• RAW DATA:
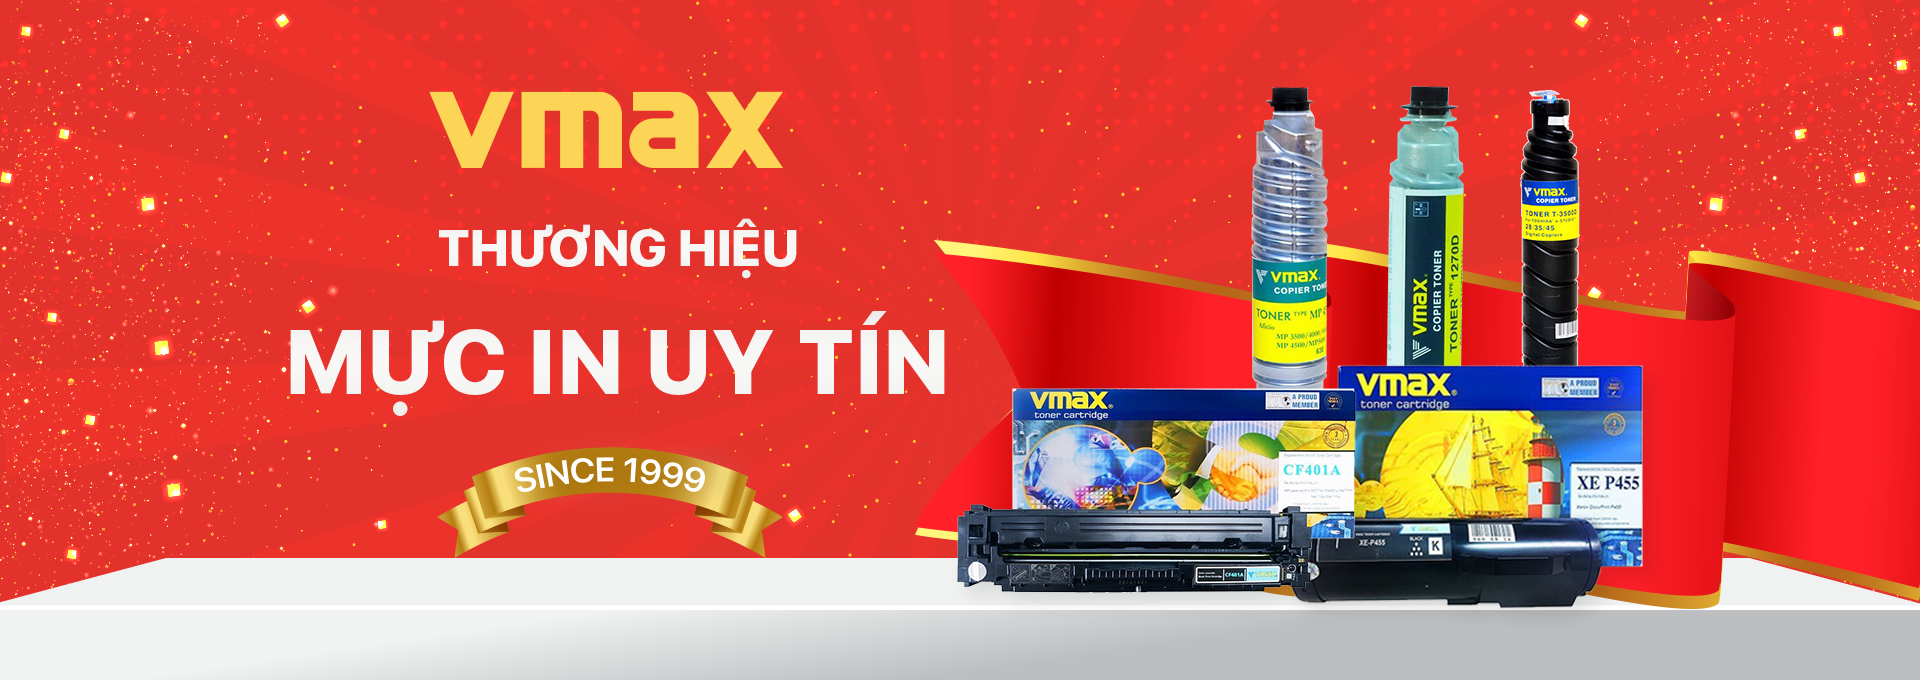 Mực in Vmax - Thương hiệu số 1 Việt Nam
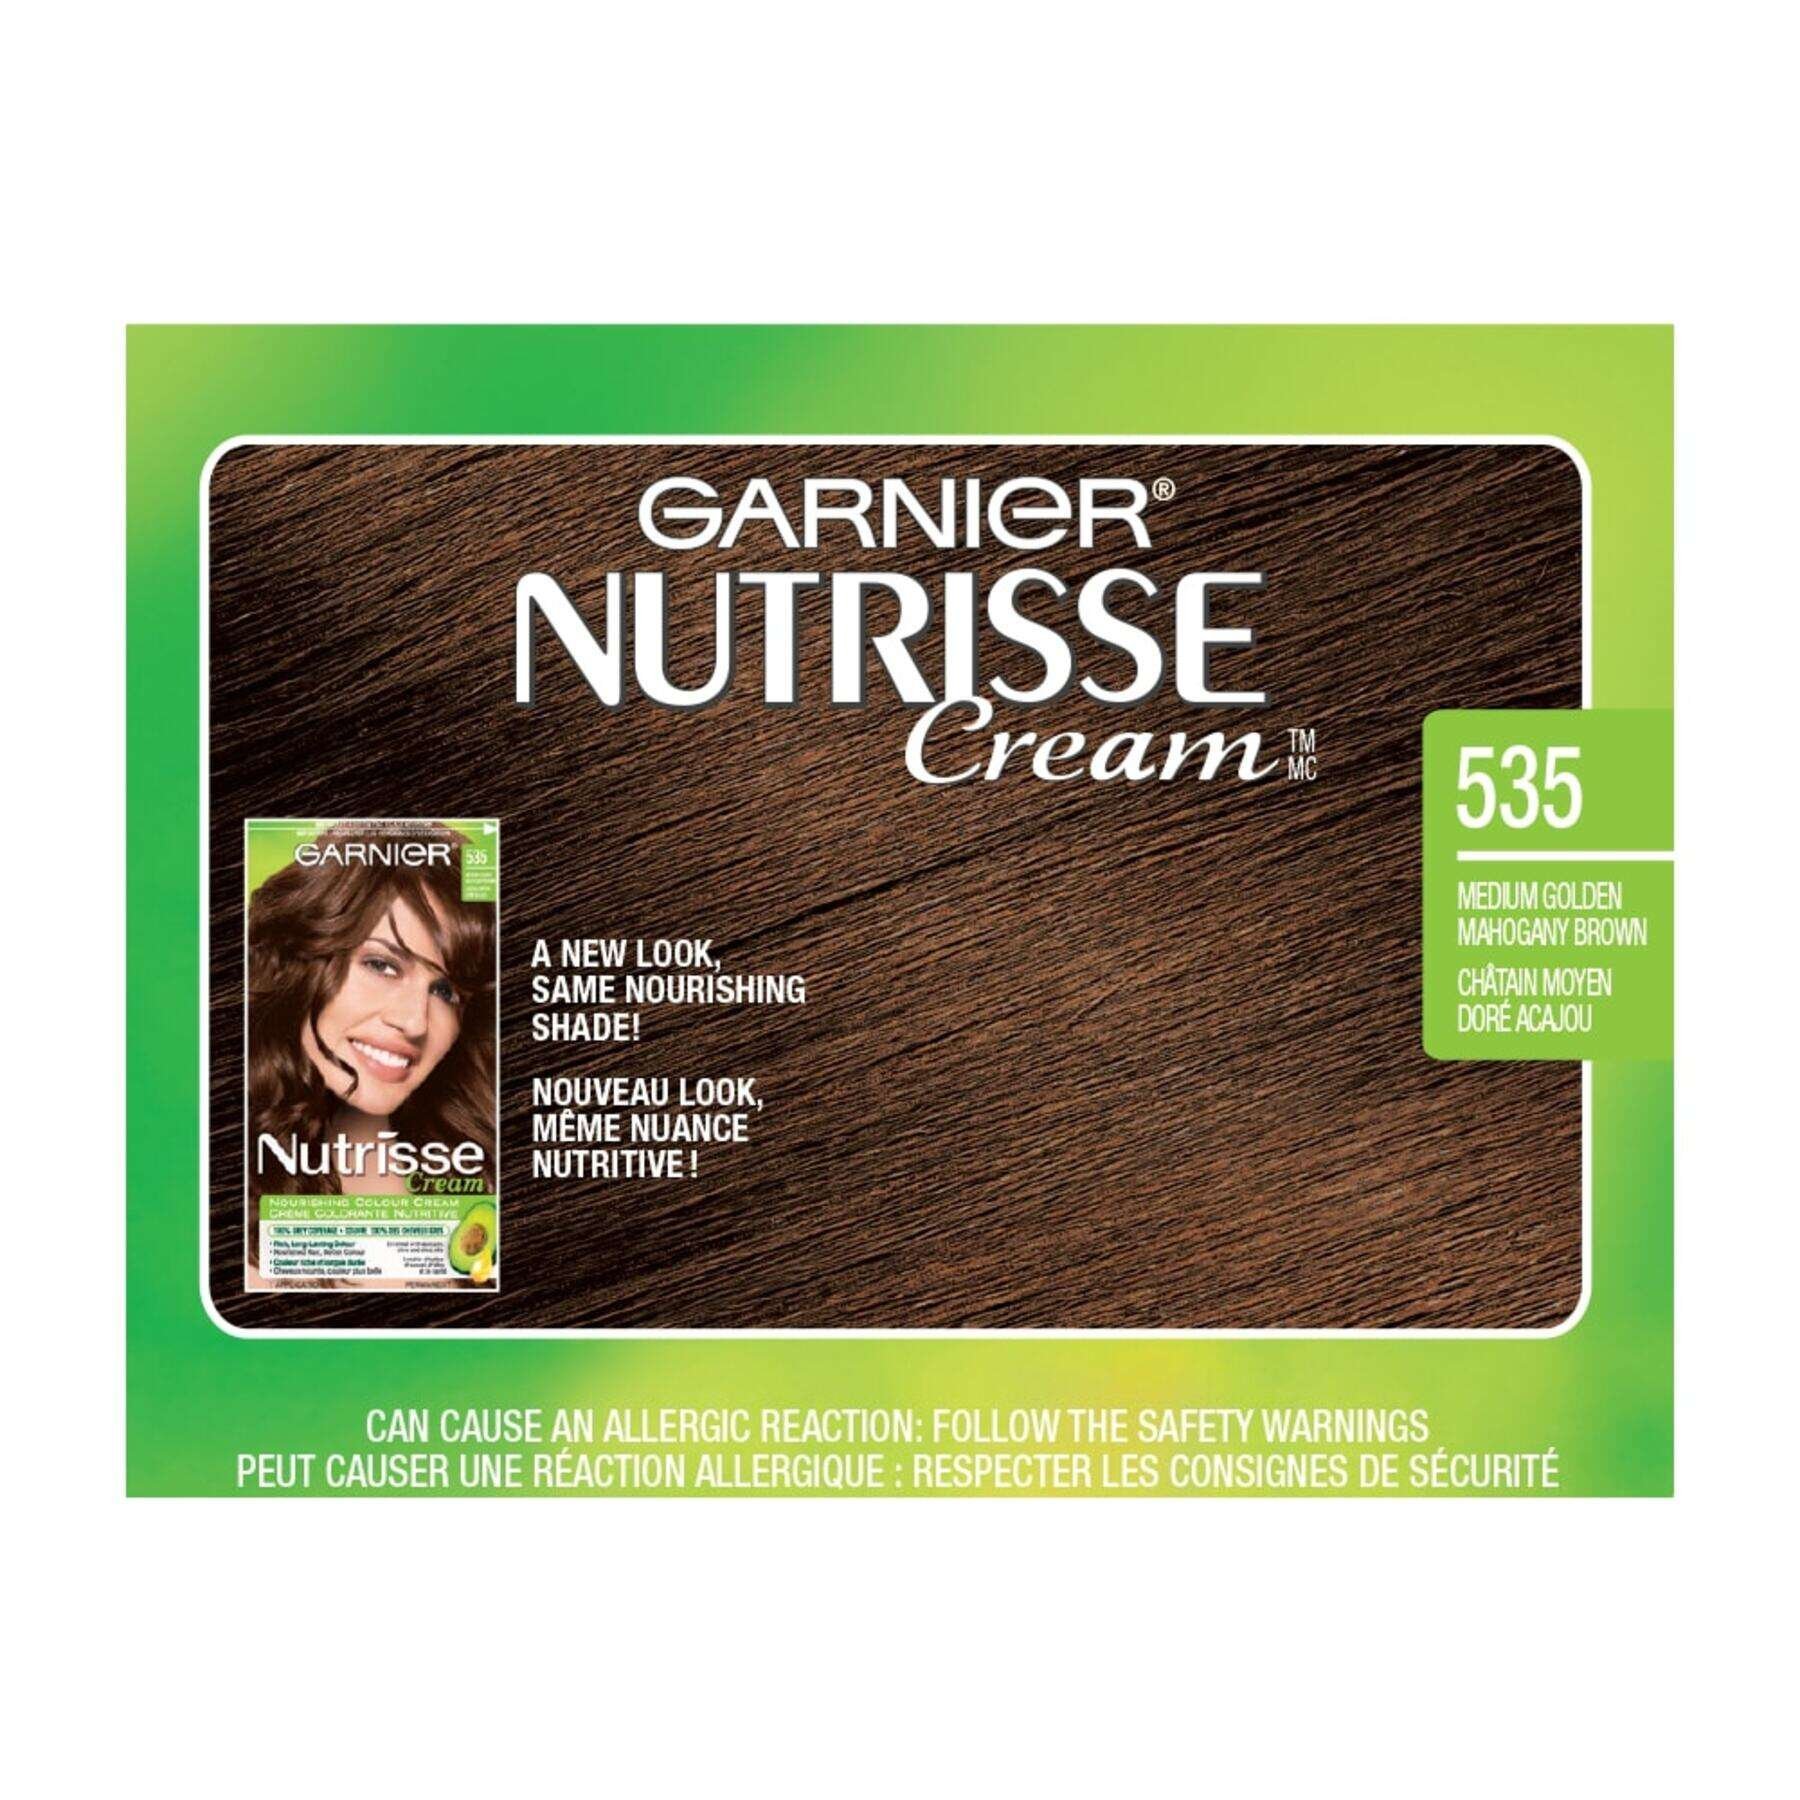 garnier hair dye nutrisse cream 535 medium golden mahogany brown 0770103447100 swatch
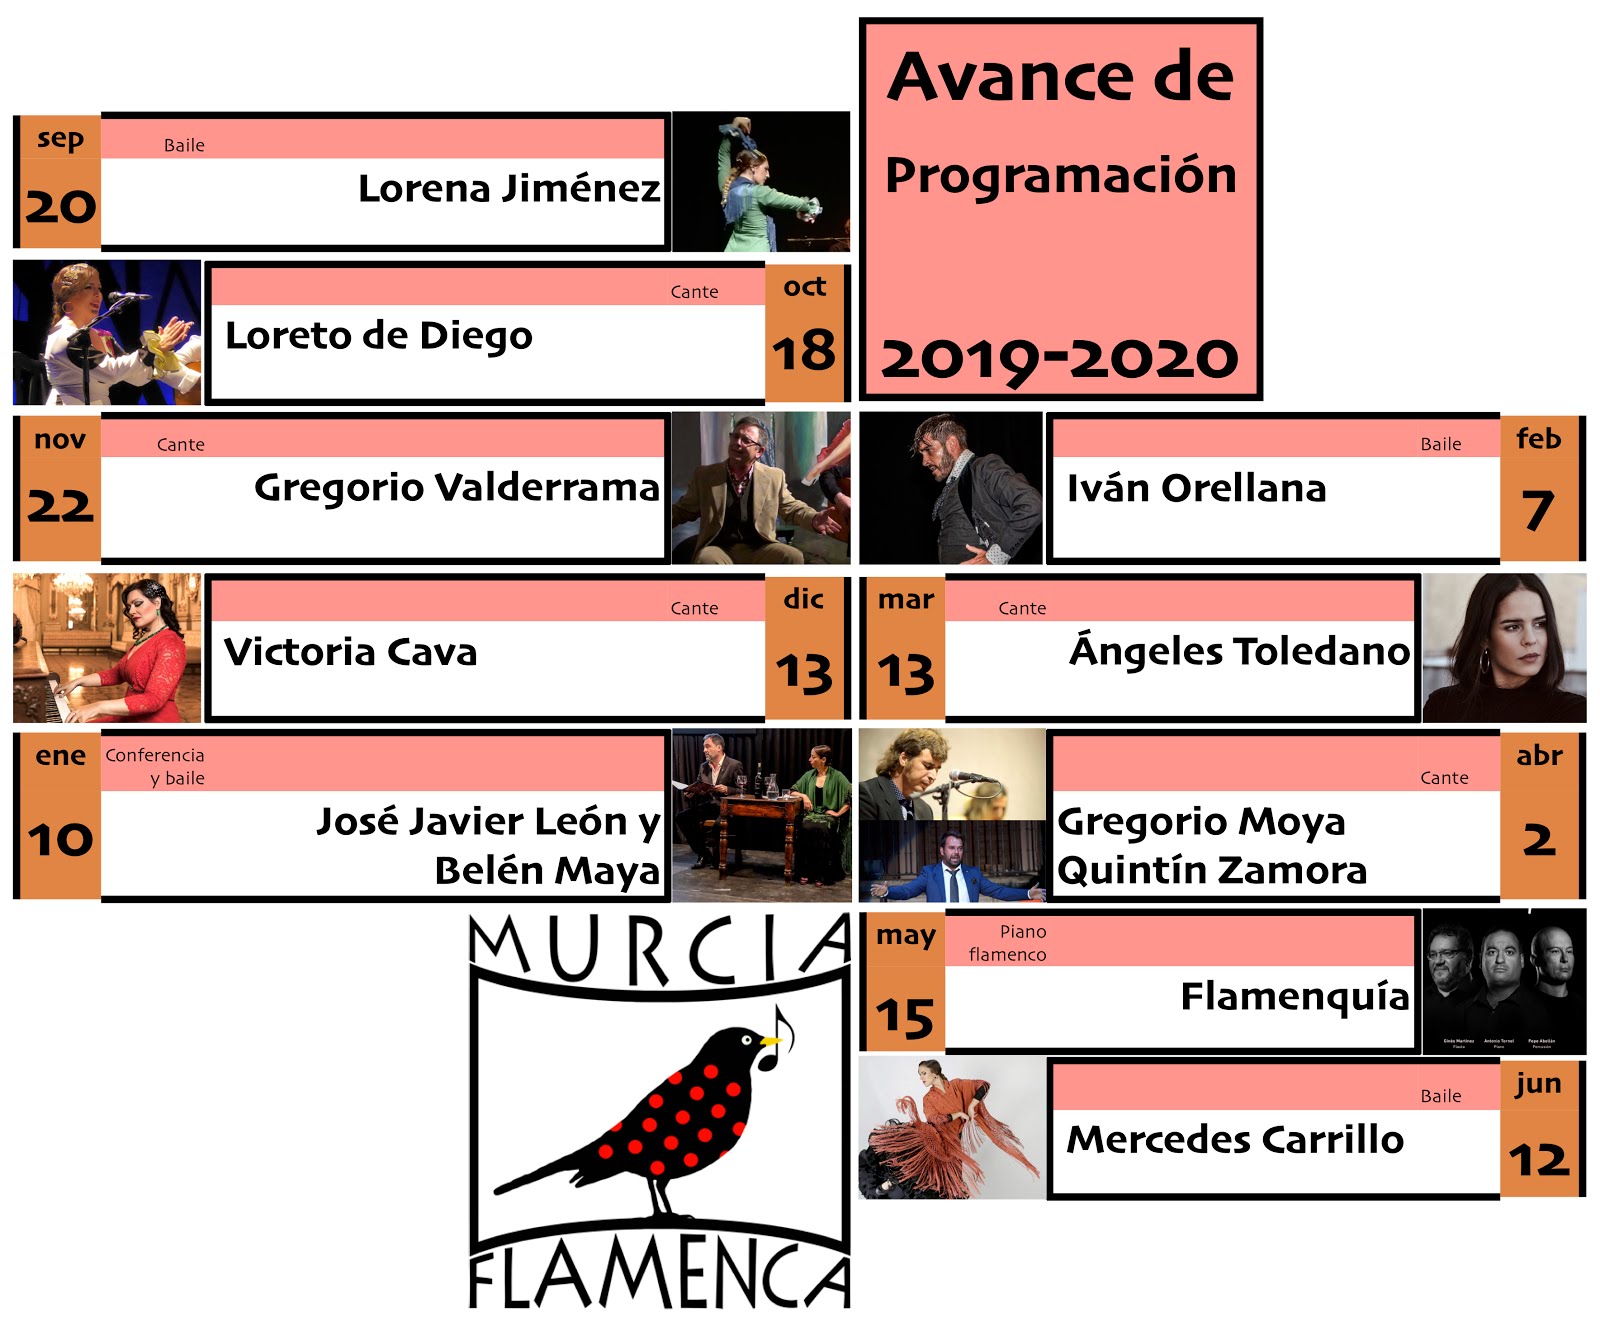 Murcia Flamenca
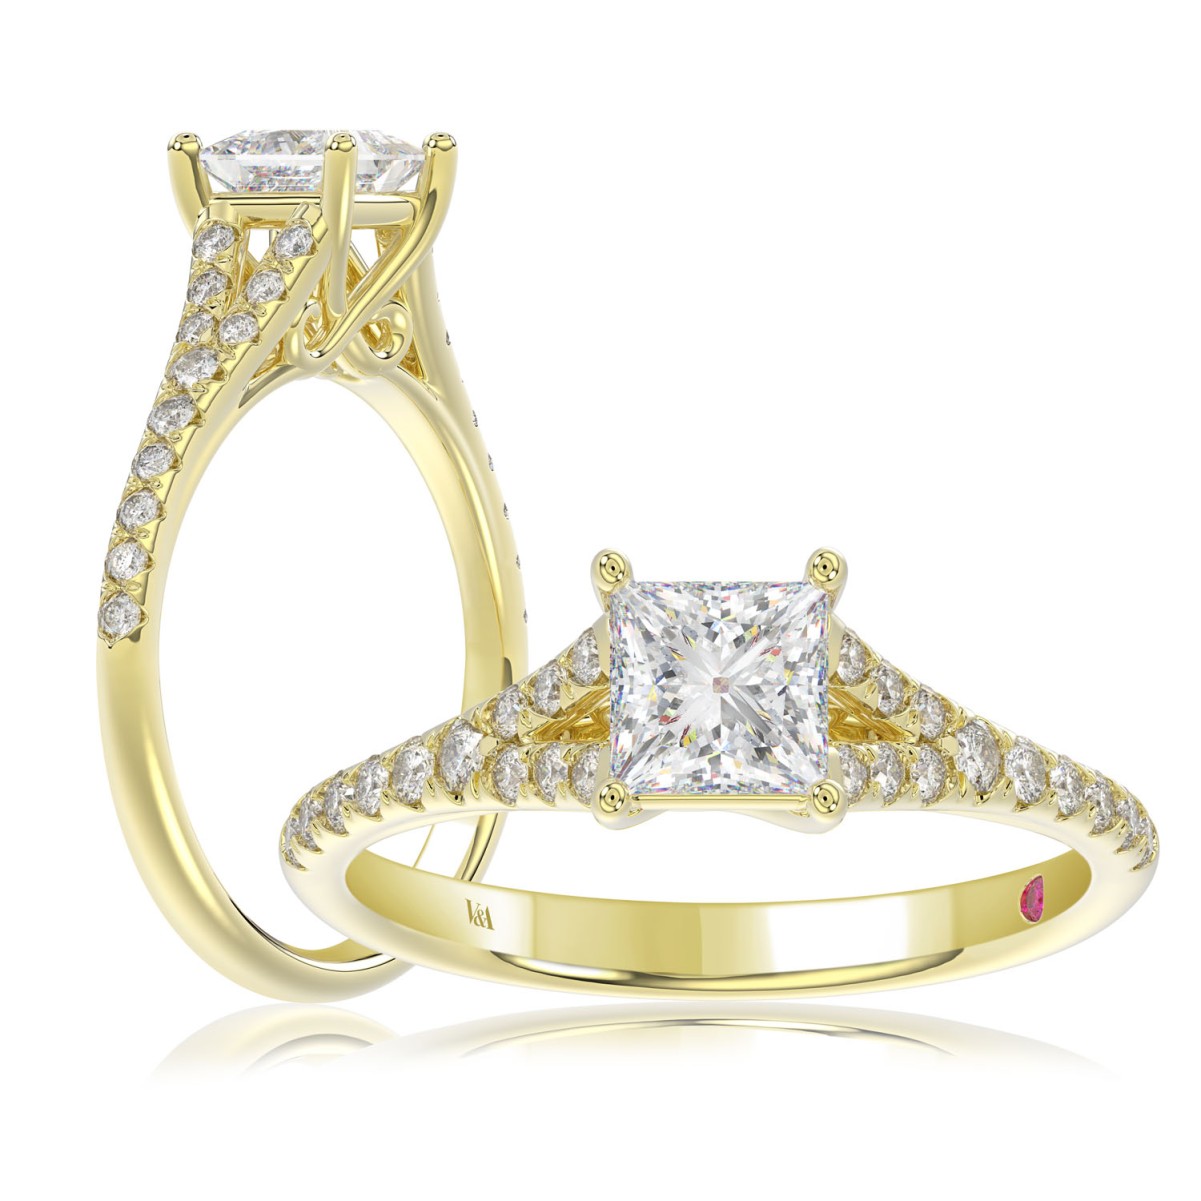 18K YELLOW GOLD 1CT ROUND/PRINCESS DIAMOND LADIES RING (CENTER STONE PRINCESS DIAMOND 3/4CT)

• WHAT YOU NEED TO DO:
The line with "Murcia Flamenca" and each line after it, through the final line of the data, are to be duplicated exactly, with pictures left out and nothing more included.

• OUTPUT:
 Murcia Flamenca
 18K YELLOW GOLD 1CT ROUND/PRINCESS DIAMOND LADIES RING (CENTER STONE PRINCESS DIAMOND 3/4CT)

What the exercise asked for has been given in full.